Skip to content

Latest commit

 

History

History

ReM

QuantQual Parser / Treebank edition of the Referenzkorpus Mittelhochdeutsch

The QuantQual@CEDIFOR project (funded by BMBF via the CEDIFOR eHumanities cluster, Feb - Nov 2017) created the first syntactic parser for Middle High German. In this repository, we provide a syntactically and semantically annotated edition of the Referenzkorpus Mittelhochdeutsch (ReM) and the pipeline used to create it from the existing morphosyntactic annotations.

To the best of our knowledge, this is the first syntactically annotated corpus for Middle High German.

However, note that our annotations are done in a fully automated way, using

  • a rule-based parser based on SPARQL Update,
  • transliteration- and lookup-based lemmatization and hyperlemmatization,
  • lookup-based annotation for semantic features (animacy), using a manually curated gazetteer derived from GermaNet

The reason is that there are no training data for building a parser.

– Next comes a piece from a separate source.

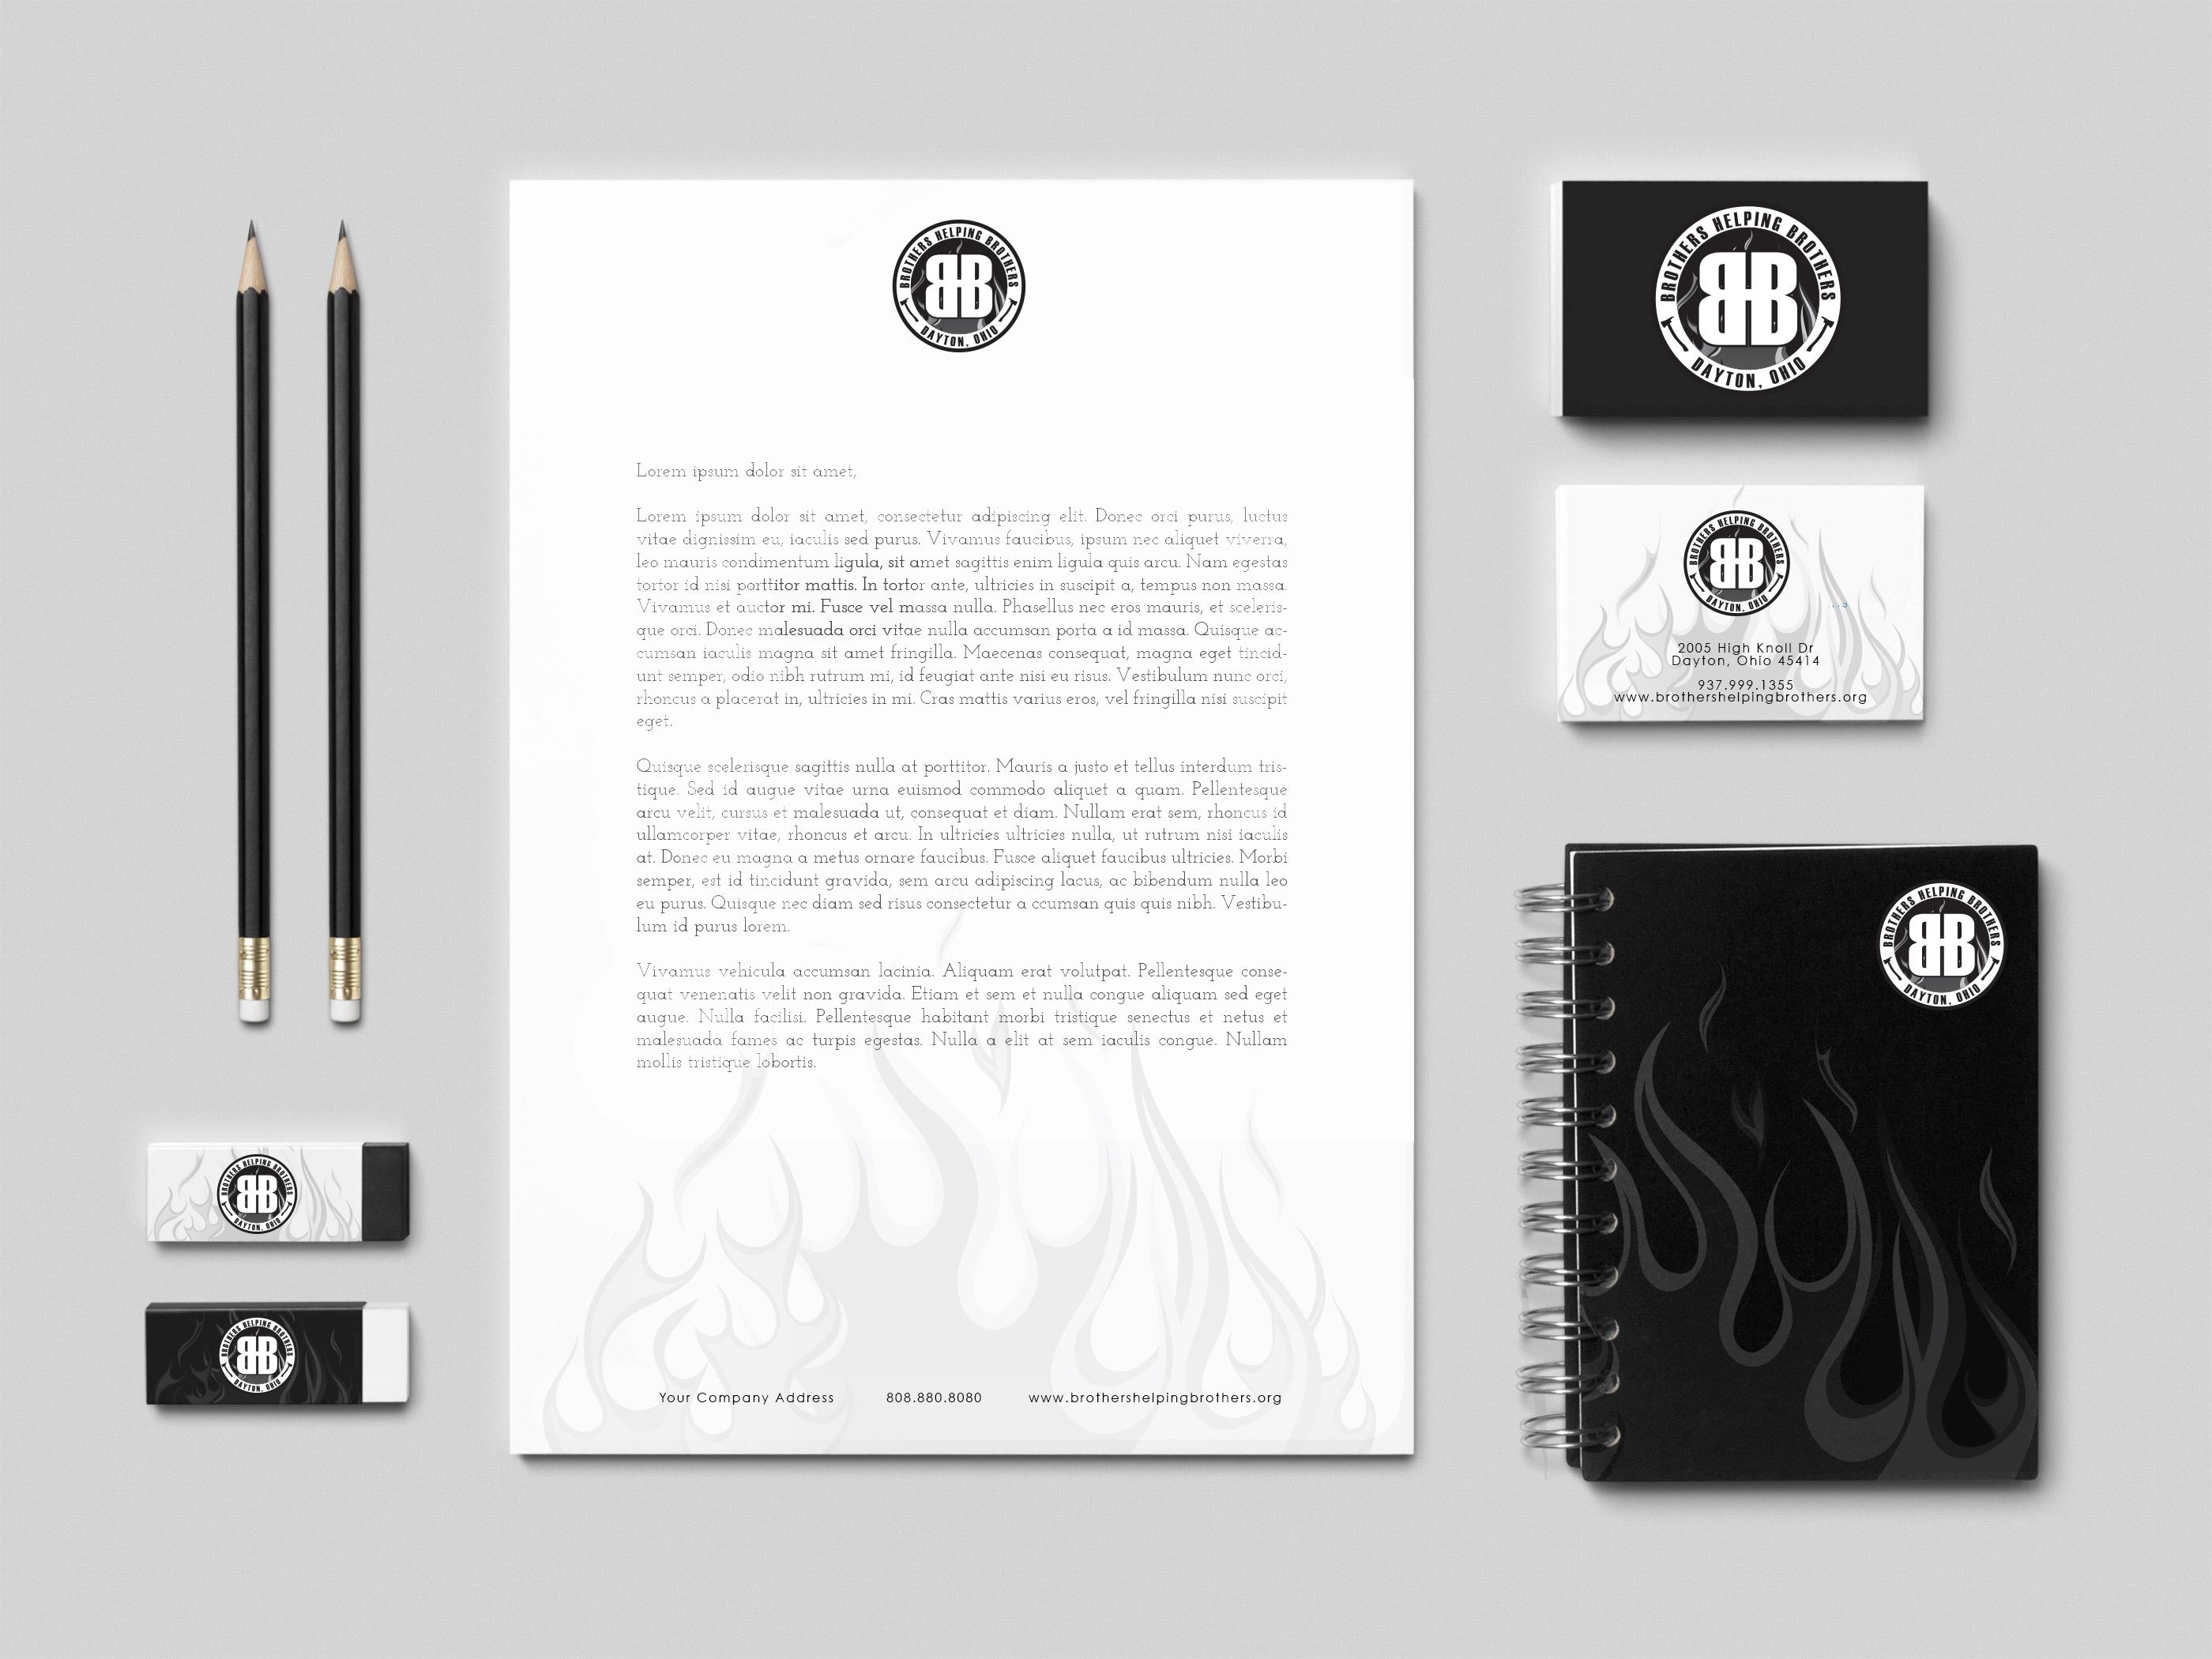 BHB_Logo-Design-1-SAMPLE.jpg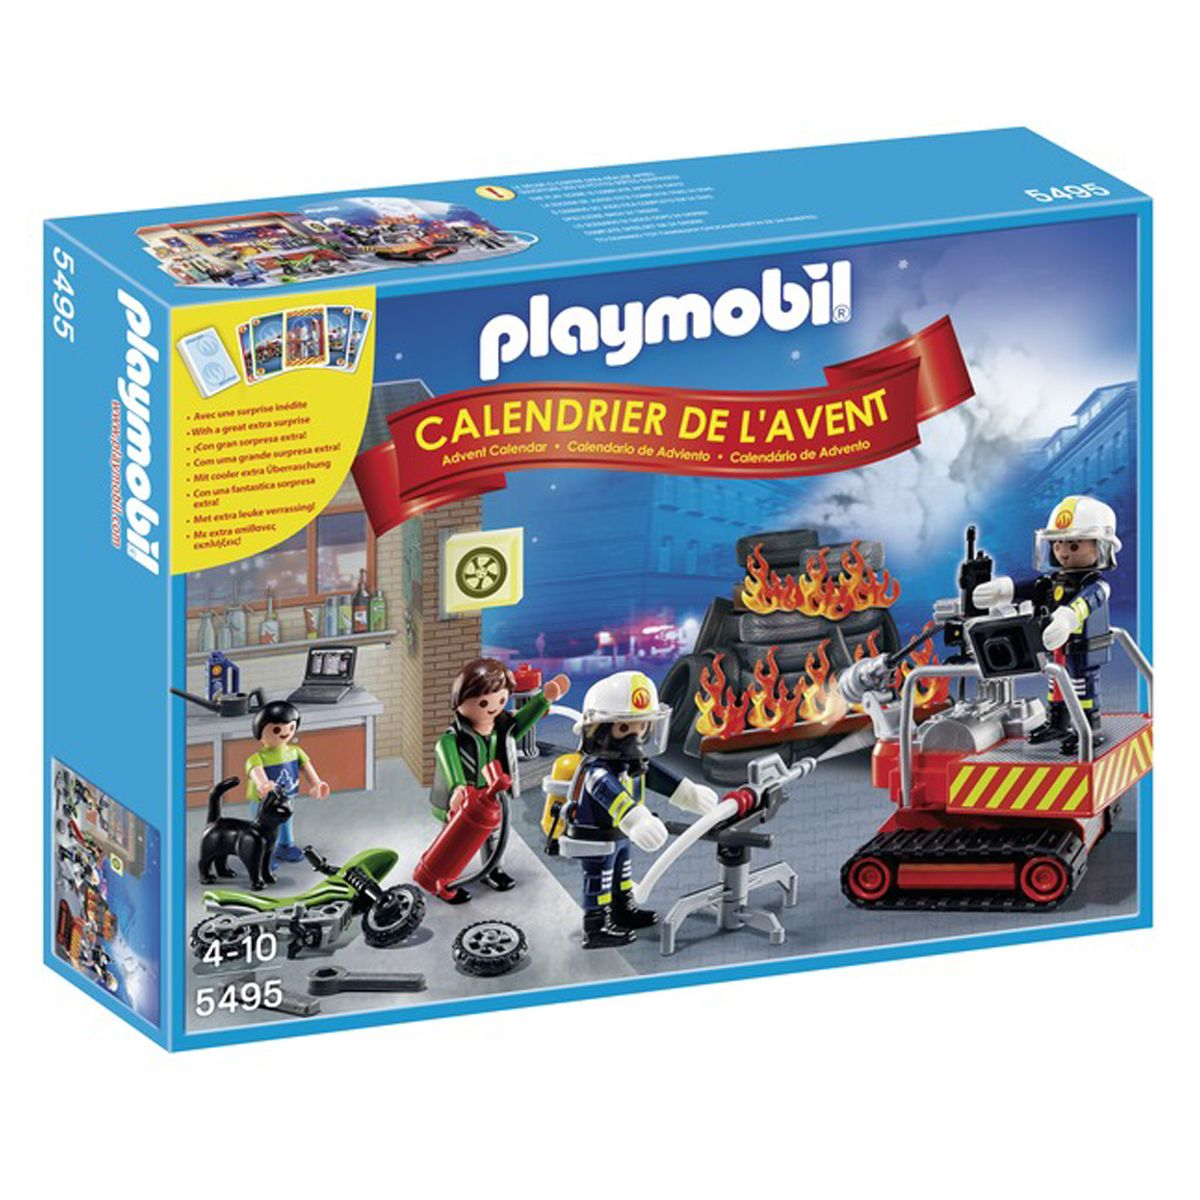 Calendrier L Avent Playmobil.Calendrier De L Avent Playmobil Brigade Des Pompiers 5495

Accordingly, we constructed a rule-based system, based on existing morphosyntactic annotations and the application of SPARQL Updates by means of the (CoNLL-RDF)[http://github.com/acoli-repo/conll-rdf]/(Fintan)[https://github.com/Pret-a-LLOD/Fintan] stack.

The ReM treebank is built with the purpose of quantitative evaluation of qualitative hypotheses on the origins and the development of nominal word order of postverbal arguments in historical German. For this application, a number of simplifications were feasible. In particular, we apply low PP attachment as a rule, as we focus on accusative and dative arguments.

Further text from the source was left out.